Dans l'étude de la localisation subcellulaire des protéinesL'application d'APOLLO aux données d'imagerie cellulaire U2OS a révélé que les différences de localisation des protéines au sein de la cavité nucléaire peuvent être mises en évidence par les caractéristiques de différents compartiments cellulaires. Par exemple, la localisation nucléaire de DDB1 est associée à la morphologie du réticulum endoplasmique et des microtubules, tandis que celle de CLNS1A est uniquement associée à la morphologie nucléaire. Ce résultat indique que…Ce modèle peut être étendu à diverses combinaisons d'imagerie, offrant une nouvelle perspective pour comprendre la relation entre la localisation des protéines et la morphologie cellulaire.

Mise en œuvre de l'intégration de données multimodales monocellulaires
L'intégration de données multimodales unicellulaires est en passe de devenir une orientation technologique essentielle pour l'analyse de l'hétérogénéité cellulaire, la mise en évidence des mécanismes pathologiques et la promotion du développement de la médecine de précision, et a suscité un vif intérêt au sein de la communauté universitaire mondiale.

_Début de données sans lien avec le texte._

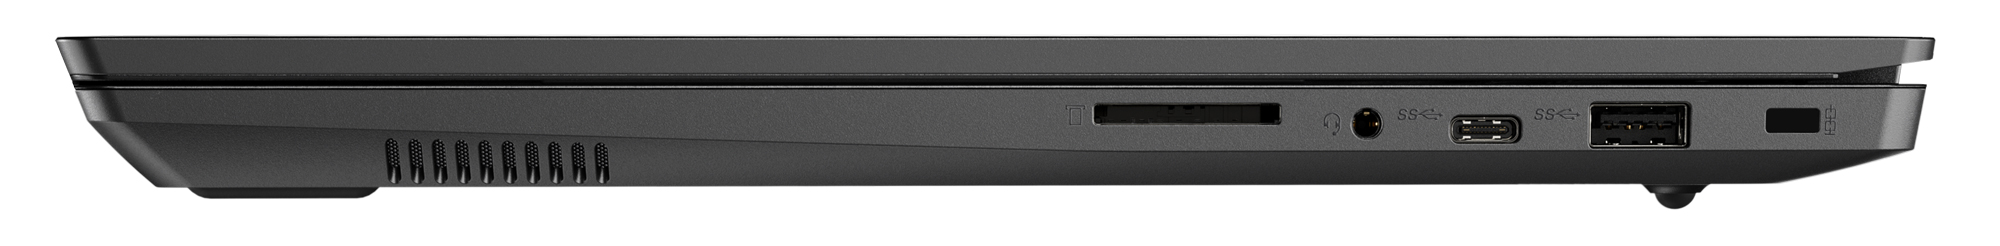 Фото  Ноутбук Lenovo V330-14 Grey (81B0008JRA)
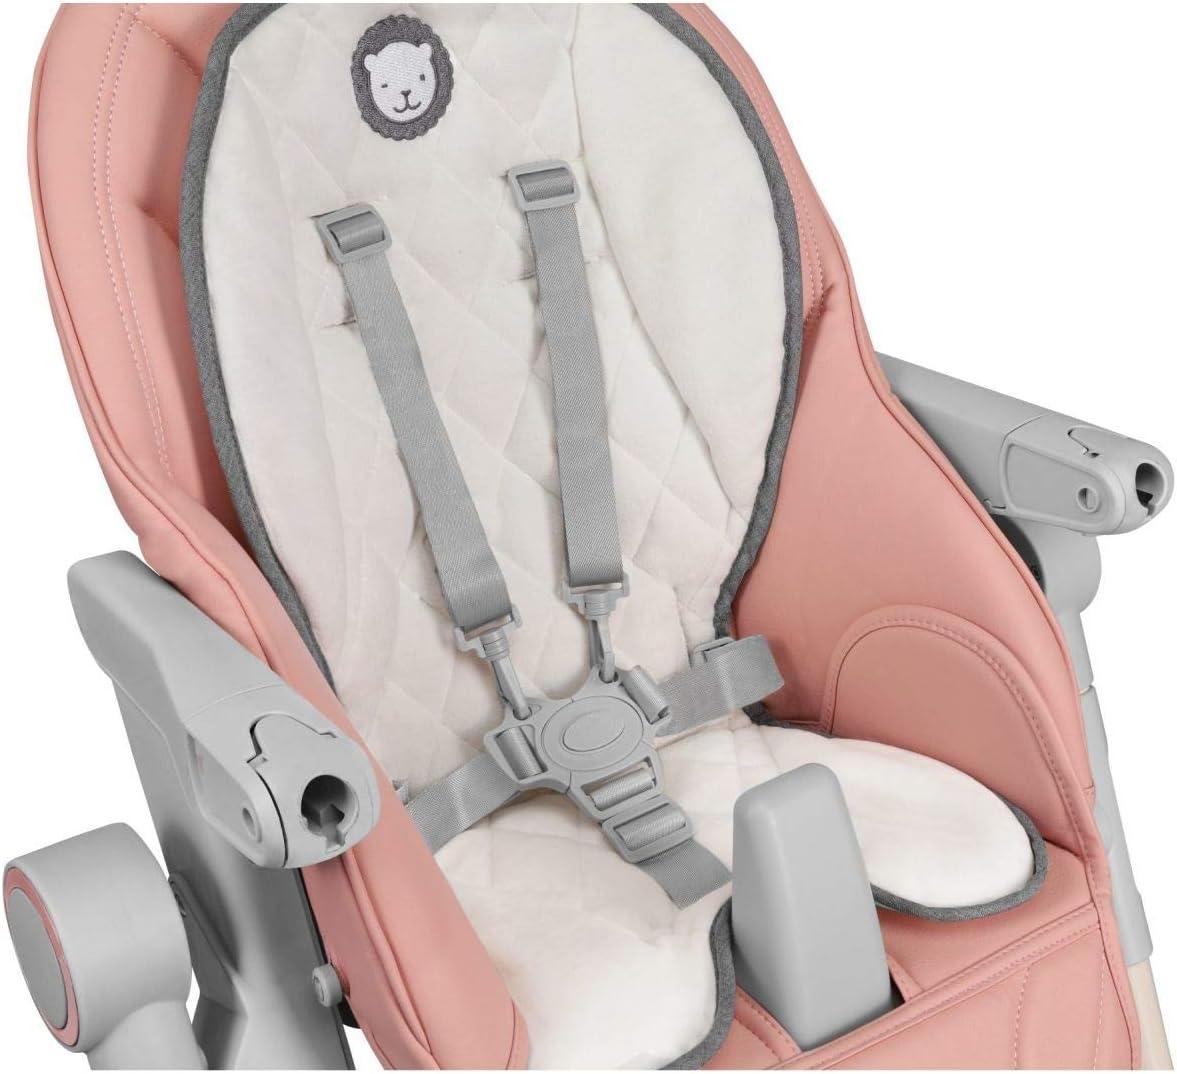 Lionelo Cora Chaise haute r/églable en hauteur avec dossier r/églable pour enfant Rose 15 kg

Par exemple, la technologie scMTR-seq développée par l'équipe de Peter Rugg-Gunn à l'Institut Babraham de l'Université de Cambridge...Pour la première fois, la capture simultanée de six modifications d'histones et de l'ensemble du transcriptome a été réalisée au niveau de la cellule unique.Ils ont surmonté un obstacle technique qui persistait depuis une décennie dans le domaine de la recherche en épigénétique.
Titre de l'article :
Profilage combinatoire de multiples modifications d'histones et du transcriptome dans des cellules uniques par scMTR-seq
Lien vers l'article :
https://www.science.org/doi/10.1126/sciadv.adu3308
Le cadre CellFuse proposé par l'équipe de recherche de l'université de Stanford construit un espace d'intégration partagé basé sur l'apprentissage contrastif supervisé et est spécifiquement conçu pour les scénarios d'intégration multimodale avec un chevauchement limité des caractéristiques.Il permet une prédiction précise du type cellulaire et une intégration transparente entre les différentes modalités et conditions expérimentales.Des tests effectués sur de multiples ensembles de données, notamment des PBMC sains, de la moelle osseuse, une thérapie CAR-T pour le lymphome et des tissus tumoraux, démontrent que le cadre surpasse les méthodes existantes tant en termes de qualité d'intégration que d'efficacité opérationnelle.
Titre de l'article :
CellFuse permet l'intégration multimodale des données de protéomique unicellulaire et spatiale
Lien vers l'article :
Parallèlement, les principales entreprises mondiales de biotechnologie et de santé accélèrent le déploiement de la technologie d'intégration de données multimodales unicellulaires, en se concentrant sur des scénarios clés tels que la translation clinique, le développement de médicaments et la médecine de précision, afin de transformer la recherche de pointe en applications concrètes. La société allemande BioNTech a appliqué cette technologie à l'immunothérapie des tumeurs et au développement de vaccins personnalisés. En intégrant le séquençage d'ARN unicellulaire, le profilage de l'expression protéique et les données de transcriptomique spatiale, elle analyse avec précision l'hétérogénéité cellulaire dans le microenvironnement tumoral, identifie les principaux sous-types de cellules immunitaires et les biomarqueurs associés, fournissant ainsi des données essentielles à la conception et à l'optimisation de vaccins antitumoraux personnalisés et améliorant significativement le ciblage et l'efficacité vaccinale.
Il est prévisible que, grâce aux progrès constants des technologies d'intégration multimodale, le décodage de la vie au niveau unicellulaire passera un jour de la vision à la réalité, insufflant un élan plus fort à l'avenir de la médecine de précision.